An organic compound gives $0.220 \mathrm{~g}$ of $\mathrm{CO}_{2}$ and $0.126 \mathrm{~g}$ of $\mathrm{H}_{2} \mathrm{O}$ on complete combustion. If the $\%$ of carbon is 24 then the $\%$ of hydrogen is __________ $\times 10^{-1}$. ( Nearest integer)
Explanation:
The moles of CO₂ produced can be calculated by dividing the mass of CO₂ produced by its molar mass (44.01 g/mol):
$\text{moles of CO}_{2} = \frac{0.220 \,\mathrm{g}}{44.01 \,\mathrm{g/mol}} = 0.005 \, \mathrm{mol}$
Since each mole of CO₂ contains one mole of carbon, there are 0.005 moles of carbon in the compound.
Now, let's calculate the moles of H₂O produced:
$\text{moles of H}_{2}\text{O} = \frac{0.126 \,\mathrm{g}}{18.02 \,\mathrm{g/mol}} = 0.007 \, \mathrm{mol}$
Since each mole of H₂O contains two moles of hydrogen, there are 0.014 moles of hydrogen in the compound.

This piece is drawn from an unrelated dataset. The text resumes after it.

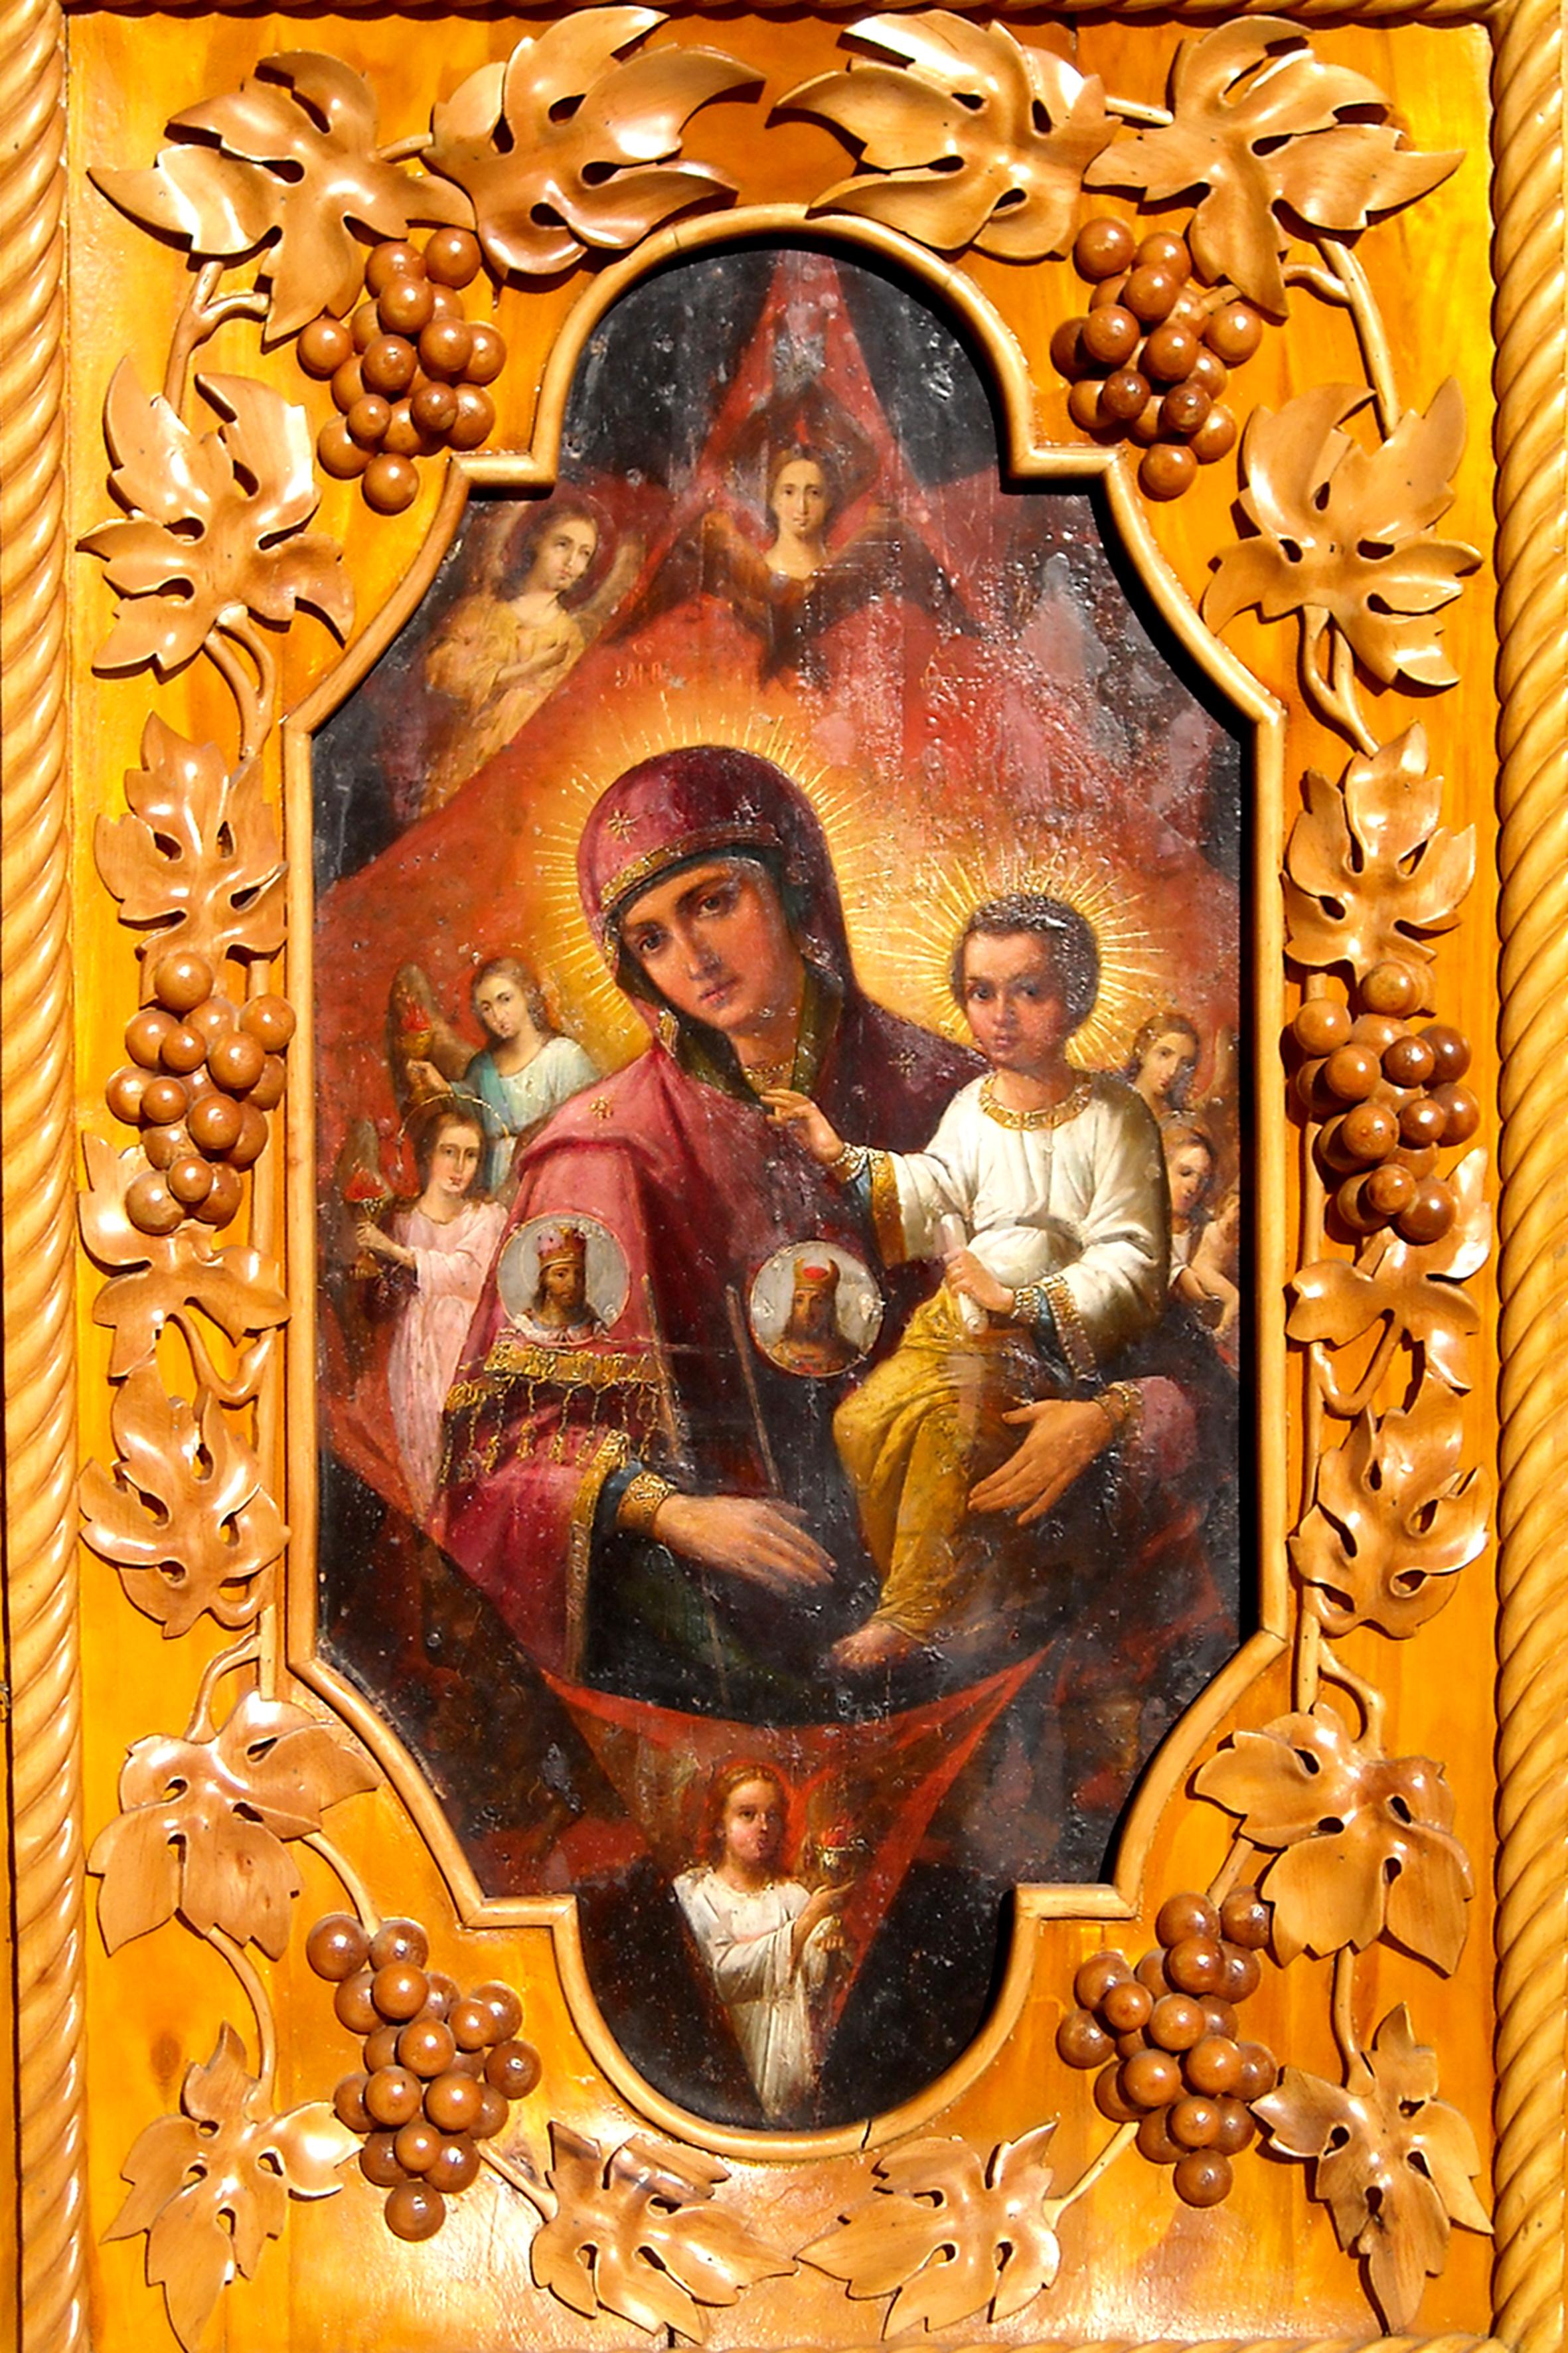 Икона Божией Матери «Неопалимая Купина» - Славянская

Now, let's find the masses of carbon and hydrogen in the compound:
Mass of carbon = moles of carbon × molar mass of carbon
$\text{Mass of carbon} = 0.005 \, \mathrm{mol} \times 12.01 \,\mathrm{g/mol} = 0.060 \,\mathrm{g}$
Mass of hydrogen = moles of hydrogen × molar mass of hydrogen
$\text{Mass of hydrogen} = 0.014 \, \mathrm{mol} \times 1.008 \,\mathrm{g/mol} = 0.014 \,\mathrm{g}$
Now, we are given that the percentage of carbon is 24%. Let's find the total mass of the compound:
$\text{Total mass of compound} = \frac{\text{Mass of carbon}}{\% \text{ of carbon}} = \frac{0.060 \,\mathrm{g}}{0.24} = 0.250 \,\mathrm{g}$
Finally, let's find the percentage of hydrogen:
$\% \text{ of hydrogen} = \frac{\text{Mass of hydrogen}}{\text{Total mass of compound}} \times 100 = \frac{0.014 \,\mathrm{g}}{0.250 \,\mathrm{g}} \times 100 = 5.6$
So, the percentage of hydrogen is 5.6% or 56 × 10-1.